There’s a lot of overlap between rebel canners and preppers, who stock up on everything from toilet paper to guns in anticipation of the coming apocalypse. A big subset of canning influencers — whether they identify as rebel canners or not — cite a distrust of the government and the conventional food system as a reason why they can. Many also express skepticism around vaccines and conventional medicine. Rebel canners are often the same people “who didn’t want to be told to wear a mask, or didn’t want to be told to get a vaccine,” Gomes said.

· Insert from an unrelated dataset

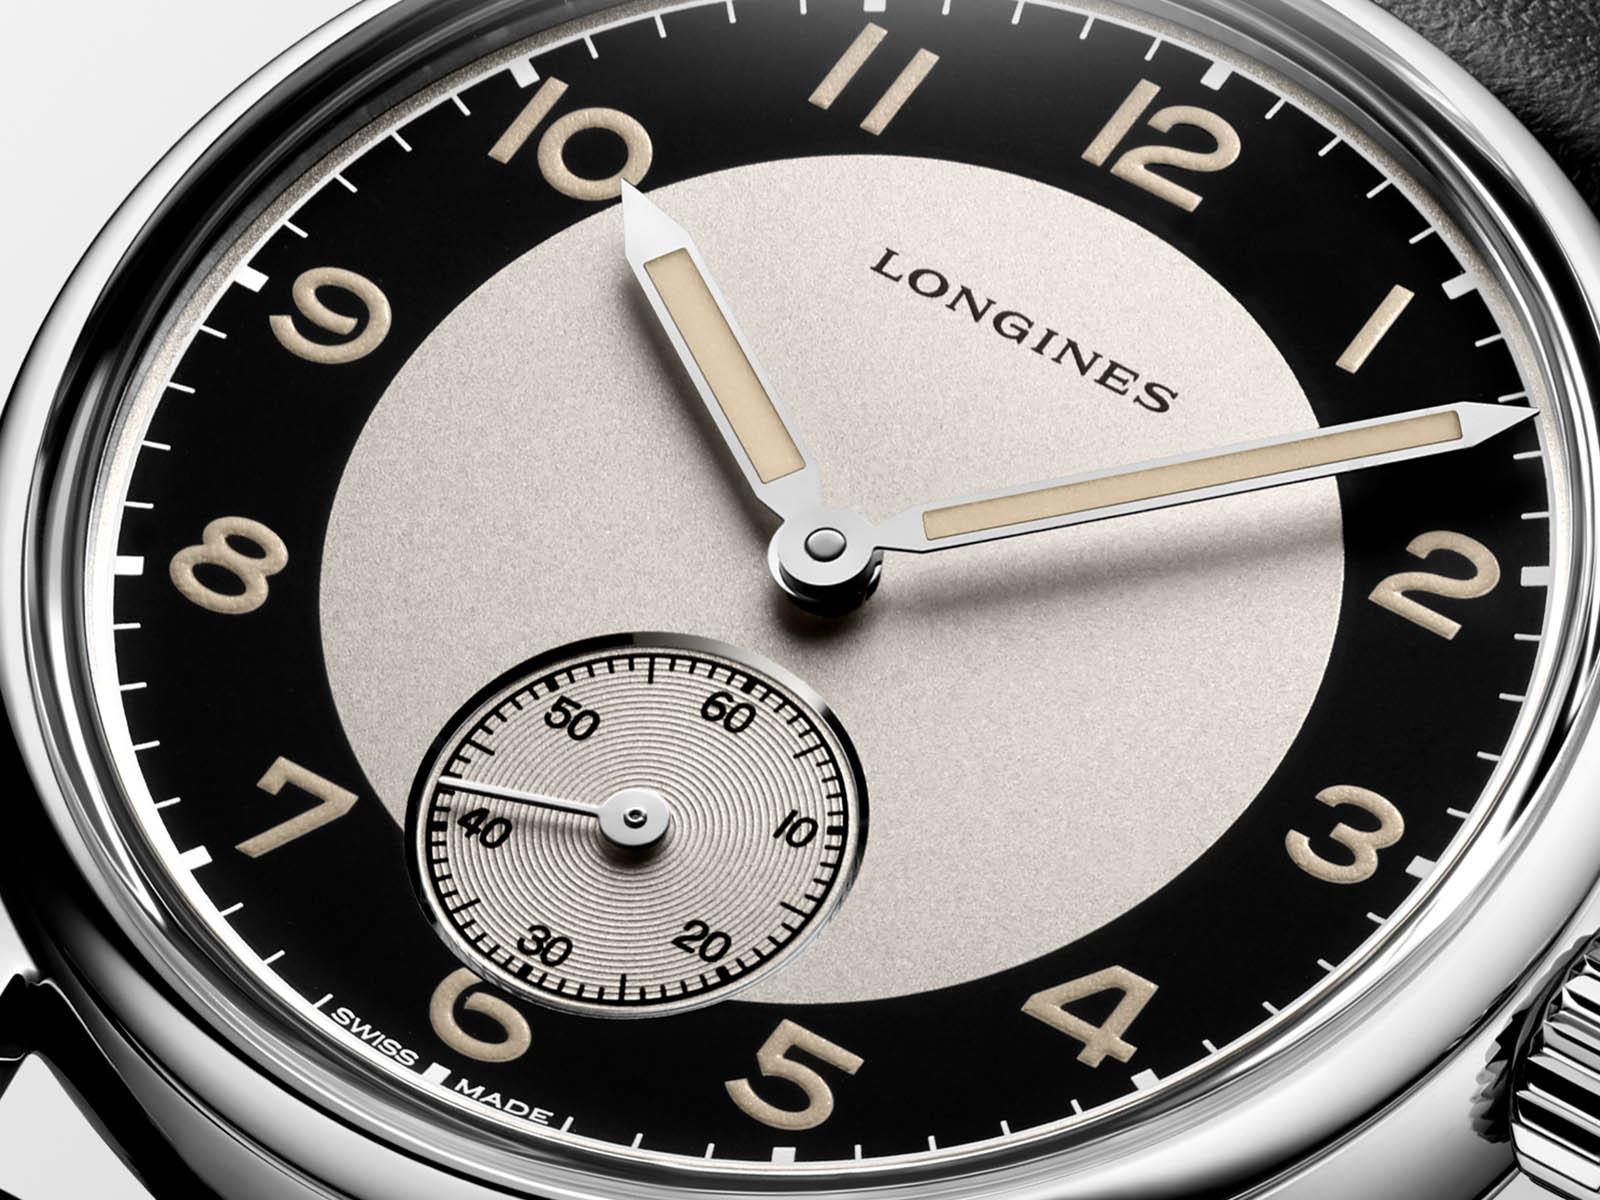 l2-330-4-93-0-longines-heritage-classic-tuxedo-5.jpg

Home food preservation can become, for some in the canning world, an expression of radical self-sufficiency bordering on isolationism: They’re not going to rely on anyone else, be it the government, a grocery store, or a food scientist telling them what is or isn’t safe. It’s an ethos that encourages people to fill their basements with food in jars because the systems of society are not to be trusted. As Instagram user our_off_grid_life, a farmer and canner with more than 150,000 followers, puts it, “our ability to thrive in any situation is our responsibility alone!”
Such attitudes trouble canners who don’t share the “rebel” ethos. “The food preservation conversation is resting more heavily on the prepper, right-wing fundamentalist crowd, which is unsettling for me,” McClellan said. “I think it’s something that should be more universal.”

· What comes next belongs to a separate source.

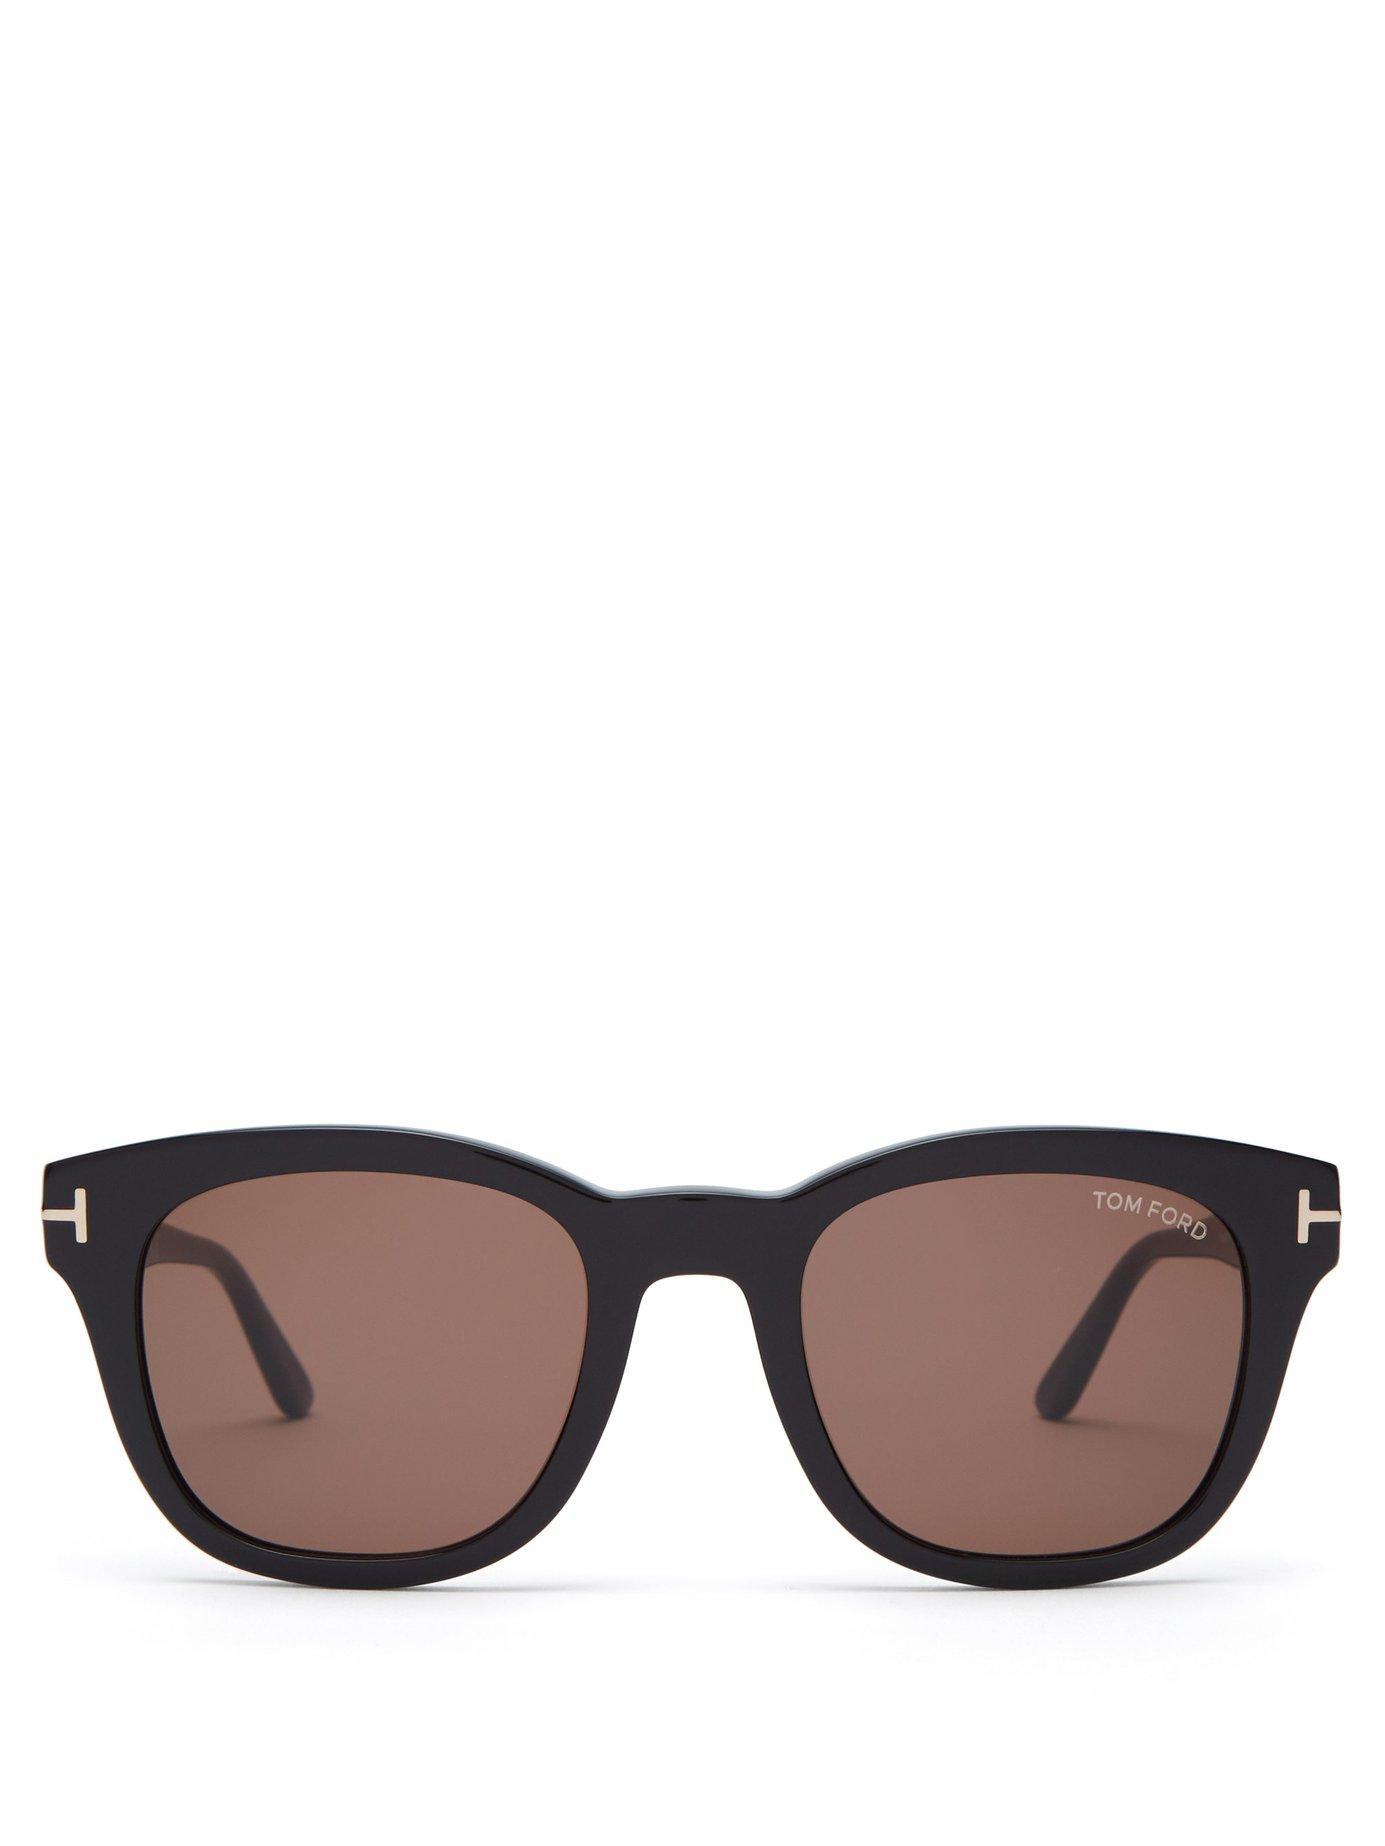 6be7014db8d Tom Ford - Black Eugenio Round Frame Acetate Sunglasses for Men - Lyst.  View fullscreen

Canning content on social media, however, remains far from universal. The most popular content creators are typically white women, and the kind of work they showcase requires a certain level of economic freedom. “Who has the privilege and the time and the money to spend their whole day canning by choice?” asks Sara Petersen, author of the upcoming book Momfluenced: Inside the Maddening, Picture-Perfect World of Mommy Influencer Culture.

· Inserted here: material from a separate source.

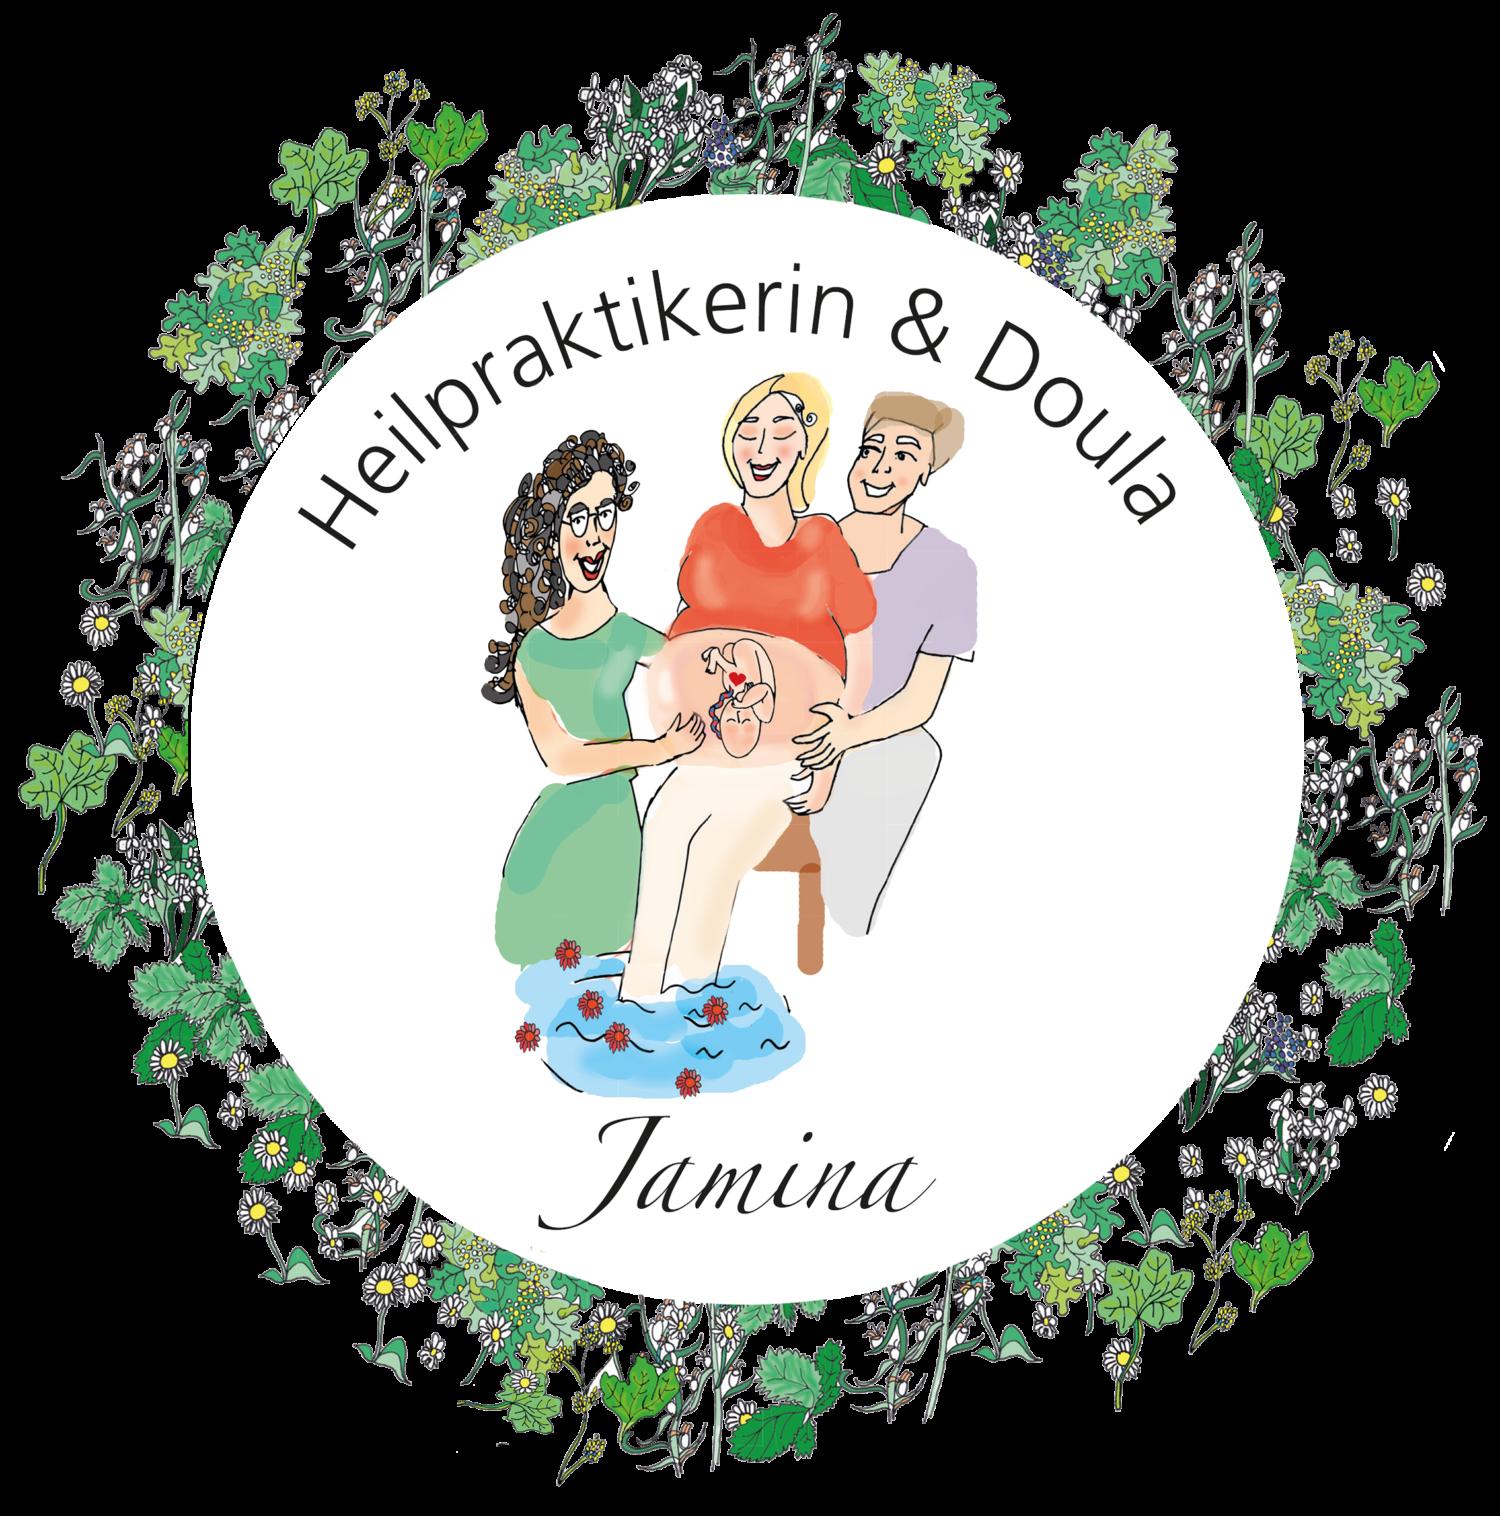 Heilpraktikerin & Doula

It’s typically the same group of women who have always been celebrated for doing domestic tasks in America, even when they weren’t the ones doing most of the hard labor. A lot of today’s canning content recalls the “cult of domesticity” of the late 19th century, when “white, upper-class women were sort of ensconced in the home as the moral center” and “women of color and women from lower socioeconomic classes were the ones doing the canning and scrubbing the floors,” Petersen said.
Online conversations about canning can also feel exclusionary for people of color because of a lack of understanding of food history among white participants. In 2020, some Black canners encountered dismissal or abuse in mainstream canning groups on Facebook “if they offered anything that was political or seemed to reflect on what was happening at the time, everything from George Floyd to Black Lives Matter,” Sorensen said. But for many Americans of color, it’s impossible to separate food from politics — you can’t talk about pound cake, for example, without calling to mind “all those cooks in the Civil Rights Movement who made cakes and sold them to support the civil rights workers,” Sorensen said. “All of it is part of this larger discussion.”
In response to feeling ostracized in white-dominated groups, Black home cooks and preservers have created their own Facebook communities, including Black Girls Can and Black Folks Love Canning Too, Sorensen said.
Canning is always going to be a little bit about self-reliance; it allows people to make food in their own homes that’s usually produced in a factory far away. But there’s also a more communal way to look at it. Sorensen tells the story of a canner whose community recently flooded, causing many of her neighbors to lose their houses. Because of her canning, “she had a whole pantry that she could share.”
For Sorensen, food preservation isn’t about hoarding or “zombie apocalypse prepping,” she said. It’s about having enough staples in your pantry that when there’s a storm, a pandemic, or another crisis, you can feed not just your own family but maybe your neighbors, too. It’s about making sure that whatever disasters hit us next, “we’re part of the solution.” That cooperative spirit feels of a piece with the community canneries of decades past.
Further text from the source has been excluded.